Several major retail property sales occurred this year, with a high of $627 per sq. ft. paid by Atlanta-based Jamestown for a 59,000 sq. ft. retail complex. Saks paid $13.9 million for a 37,400 sq. ft. office building to expand its men's store. An $11 million renovation will bring the total investment to $665 per sq. ft.

Brokers report large-format retailers want space in the city, but there are few suitable sites. New construction is extremely limited. Conversion of other property types is the primary source of new space.

Hospitality rates moving up

Chip Conley, president of Joie de Vivre Hotels in San Francisco, says hotel revenues in San Francisco are up 14% from a year ago, with occupancy averaging 76%. An upsurge in business and tourist travel has brought improvement across the board.

According to Bob Eaton, vice president of Colliers International Hotel Realty in San Francisco, the market has come back very strong from a decline that began in 1988. "San Francisco is basically fully recovered from the diminished values of the past several years. We're beginning to see very strong movement in rates," he says, estimating rates at top tier hotels have increased 10% to about $130 per night.

No projects are in development and few are contemplated. In a best-case scenario, says Eaton, 1,000 first-class rooms would be added to the current inventory of 30.000 rooms in the coming two to three years, mostly in small projects.

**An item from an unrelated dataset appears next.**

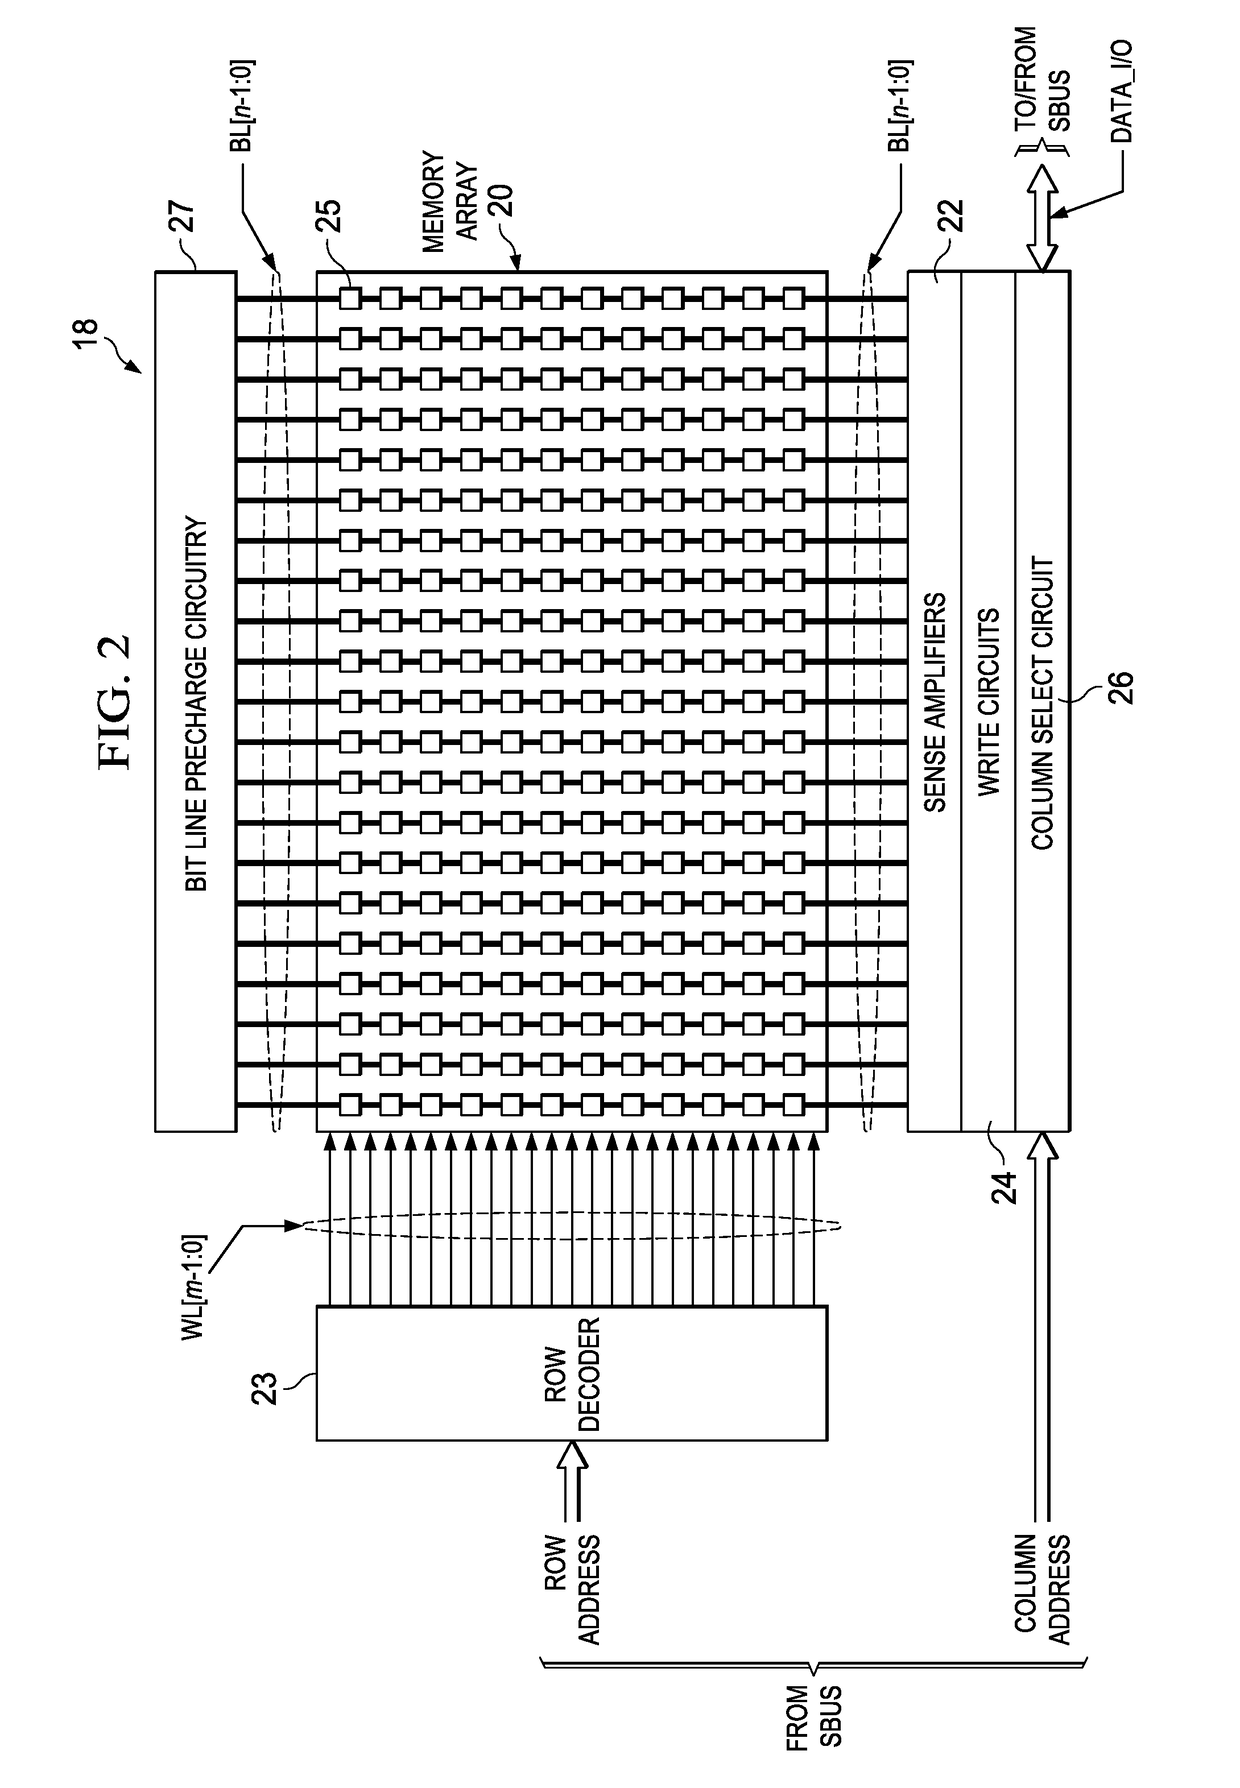 Array-based integrated circuit with reduced proximity effects

Pacific Resources proposes to include a 200-room luxury hotel in its Pacific Center redevelopment, while Federated has mentioned a small hotel as part of its tentative Bloomingdale's proposal.

In San Francisco, Marcus & Millichap brokered the sale of the 150-room Powell Hotel across from the cable car turnaround for $6.9 million to an investment group. Upgrades are planned. Joie de Vivre bought the 94-room Orchard Hotel in late '95 for $6.29 million and spent $800,000 to transform it into the Hotel Rex.

Multifamily ranks high

The Koll National Real Estate Index rated the San Francisco market second in the nation for investment value. According to M/PF Research Inc. in Dallas, the vacancy rate is 1.4% and average rents are $1,303. Rents have climbed approximately 10% in 12 months, according to figures from the city.

As Nadji says, "The very high cost of homebuying by default will continue to support a strong pool of renters."

While nonprofit developers accounted for more than 50% of new construction in San Francisco in 1995, low-income housing tax credits are providing a significant incentive to for-profit developers to enter this segment of the market, according to the local office of consultants Novogradac Fortenbach & Co.

Most market-rate development in San Francisco involves projects with six to 20 units, largely due to the difficulty of assembling large parcels of land. Embarcadero Pacific of San Francisco, for example, paid $4.5 million for a SoMa warehouse and will spend $11.5 million to convert it to 60 residential lofts.